I had just read about making my sexuality my own, making it what I choose to make it rather than only what serves someone else and just making the goal pleasure and fun and curiosity rather than performing to some kind of insane and conflicting societal standard or the demands of an abusive past. Hearing him reinforce that I get to make the choice about when I’m ready and what will make me feel safe and comfortable? I wasn’t ready, but I was. All that negative shit about sex that has been drilled into me for years? I don’t have to make it my own. That belongs to someone else. I get to choose. And I chose yes.
I chose yes to today, yes to what I was comfortable with and who I was comfortable with and yes to whatever that brought up. I got to give consent and, to my great surprise and delight, sex was fun. It was good, it was pleasurable, I enjoyed him, I enjoyed me, and when I got home I felt no shame and no obligation. Those words? Those words are the words of someone who had earth-shakingly good sex. Not because we scared the neighbors a mile down the road with a deafening climax (haha, yet), but because everything I’ve felt before that was negative was gone. And because we communicated expectations beforehand, he wasn’t surprised when I cried, he just held me. I cried because at one point he asked if I was happy, and I realized that yes, I was. Then tears. Really good tears that needed to happen a long time ago.
It is really easy to make me the center of this, to work around my needs, but his are important too. So when he breathed “I needed that.” after he finished I was glad – not because I had met some kind of performance standard, but because I want to see both of our needs met in this relationship, not just mine because I’m the needy one right now.

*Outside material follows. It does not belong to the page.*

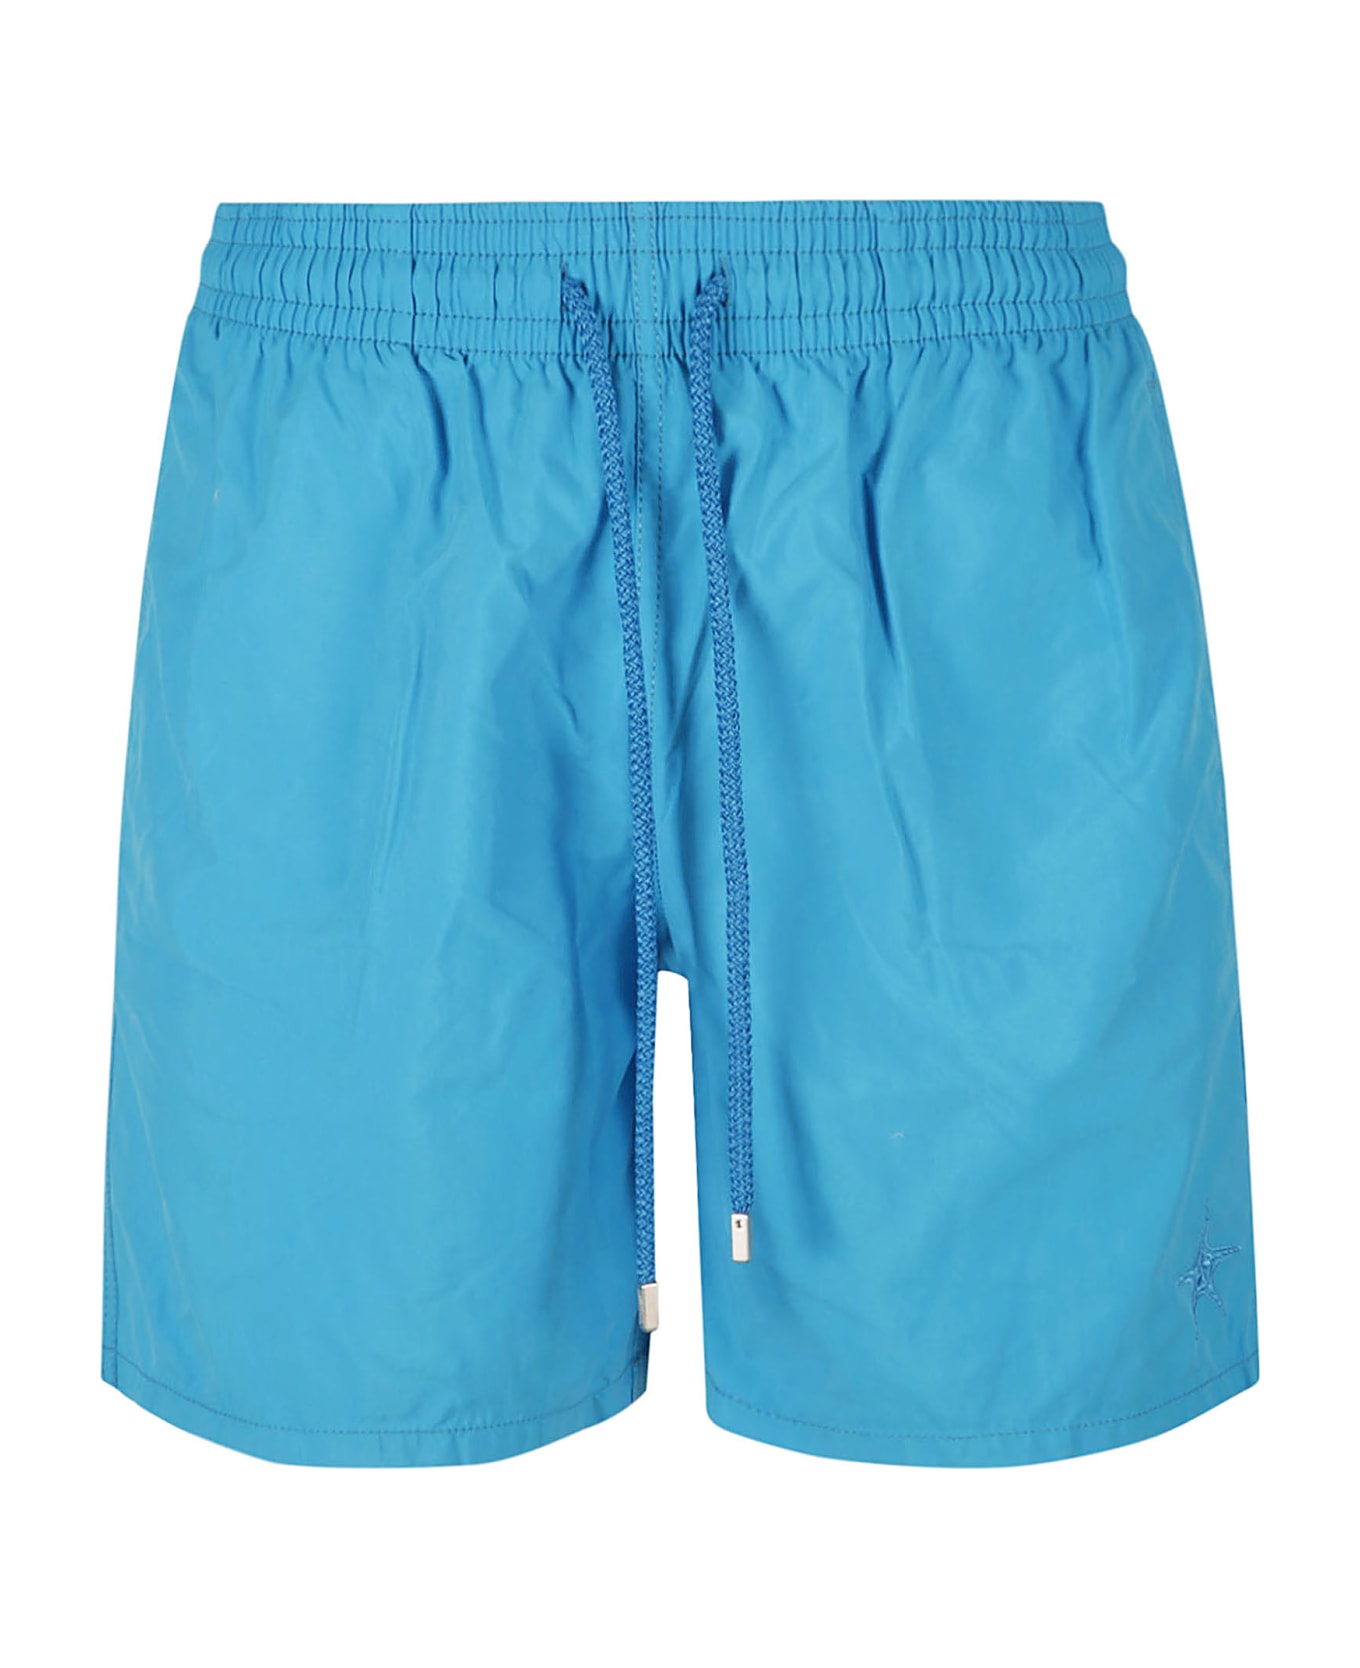 Vilebrequin Moorea Shorts - Blue Hawaii

Naturally, I had a panic attack when I got home. I was in a safe place, had just showered, and had time to process. I wasn’t very emotionally connected to him during sex, which I wasn’t surprised about since that was a feelings overload. It was enough that I felt safe and comfortable, the rest will happen as it happens. But here’s the really great part, and the part where I did the real work of reclaiming sex: I handled the panic attack without meds and by facing it head-on, not by letting it control me.

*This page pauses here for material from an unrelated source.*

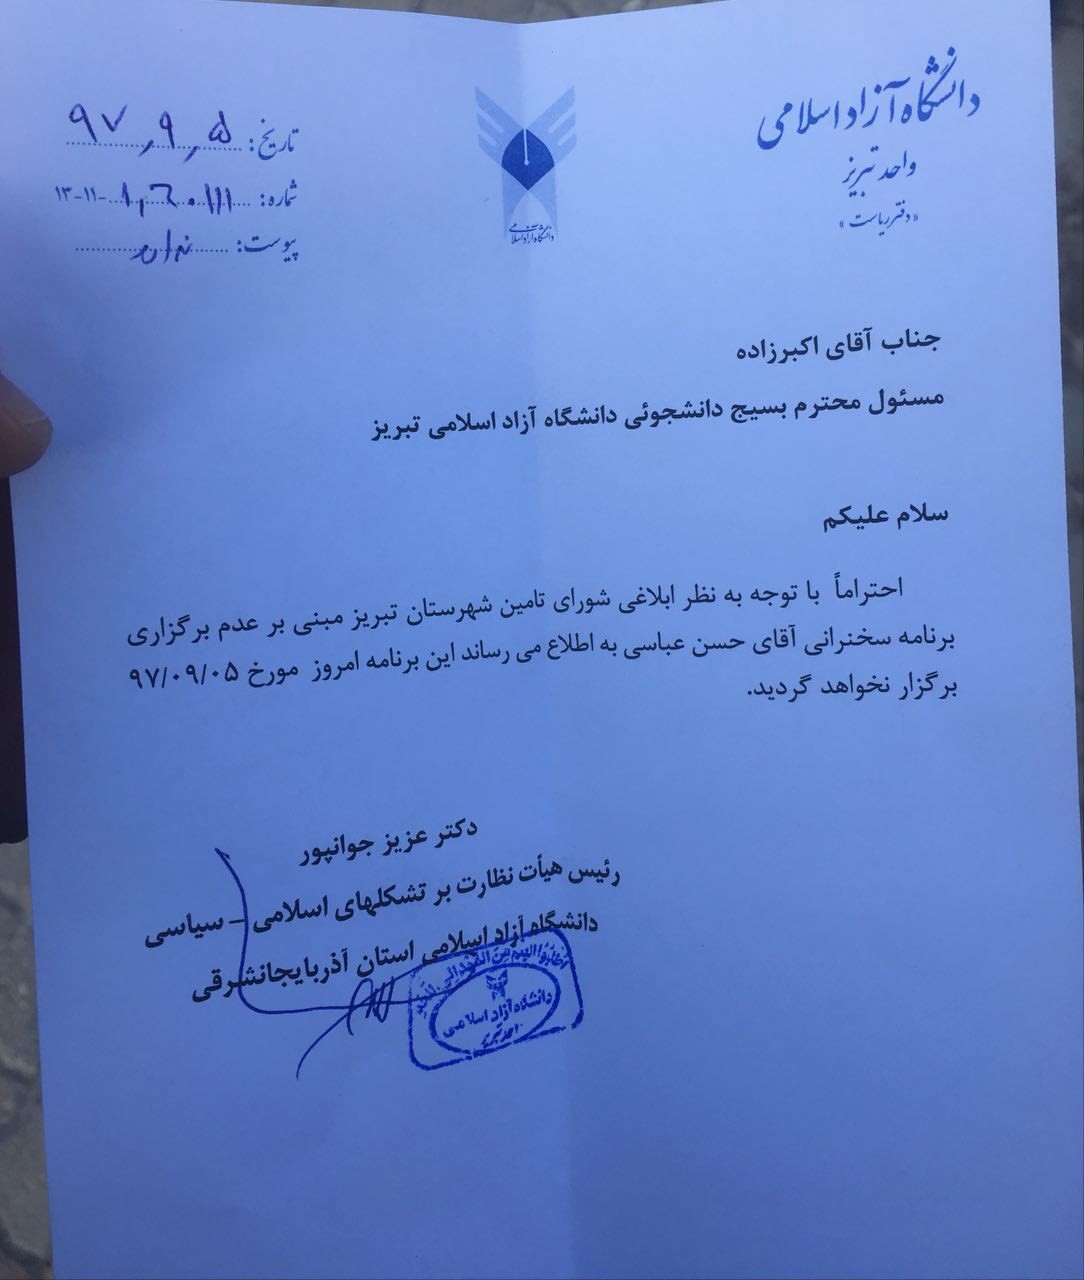 سخنرانی حسن عباسی در دانشگاه آزاد تبریز نیز لغو شد+ سند

My experience has been to be raped and abandoned. That sounds harsh, and it is, because it was harsh. It was cruel. It was meant to manipulate me, and feel horrible about myself so that I could be controlled. There is so much shame in that experience, and so much reason to shut down. Which is why I texted David to let him know that I was feeling a little bit of separation anxiety and may need some reassurance…JUST KIDDING, TOTAL MELTDOWN. The wave of panic hit hard and made everything that had just been so good out to be so bad.
PTSD is a bitch.
I got called Boss Bitch today, and that’s funny to me now because that’s kind of accurate. I made a decision to be open, to not feel shame, to communicate my experience, to give myself some space to acknowledge the panic and to face it and use the opportunity to reprogram those neuron pathways that wanted me to panic about sex. I settled into a meditation pose, acknowledged my feelings, inquired whether those feelings had any basis, worked though what I knew or had evidence for (basically talking back to the fear that I had just been used and was about to be abandoned, noting to myself that he wanted to stay with me longer, he had no expectations, he was being responsive even though he had other things going on that I had known about ahead of time, that he had made sure I felt safe, that he had checked with me for consent, that he was being intentional about communicating how his work schedule might be challenging for me given what he knows about my communication style), and told myself that I got to make the decisions, not anxiety. I told my brain what it actually needed to think, and that if it still wasn’t sure, we could ask. But I didn’t have to.
David called me my favorite nickname, supported me and stayed responsive until I let him know I was calm and ok. Short texts, big impact. The words that helped me get there as I reclaimed sex.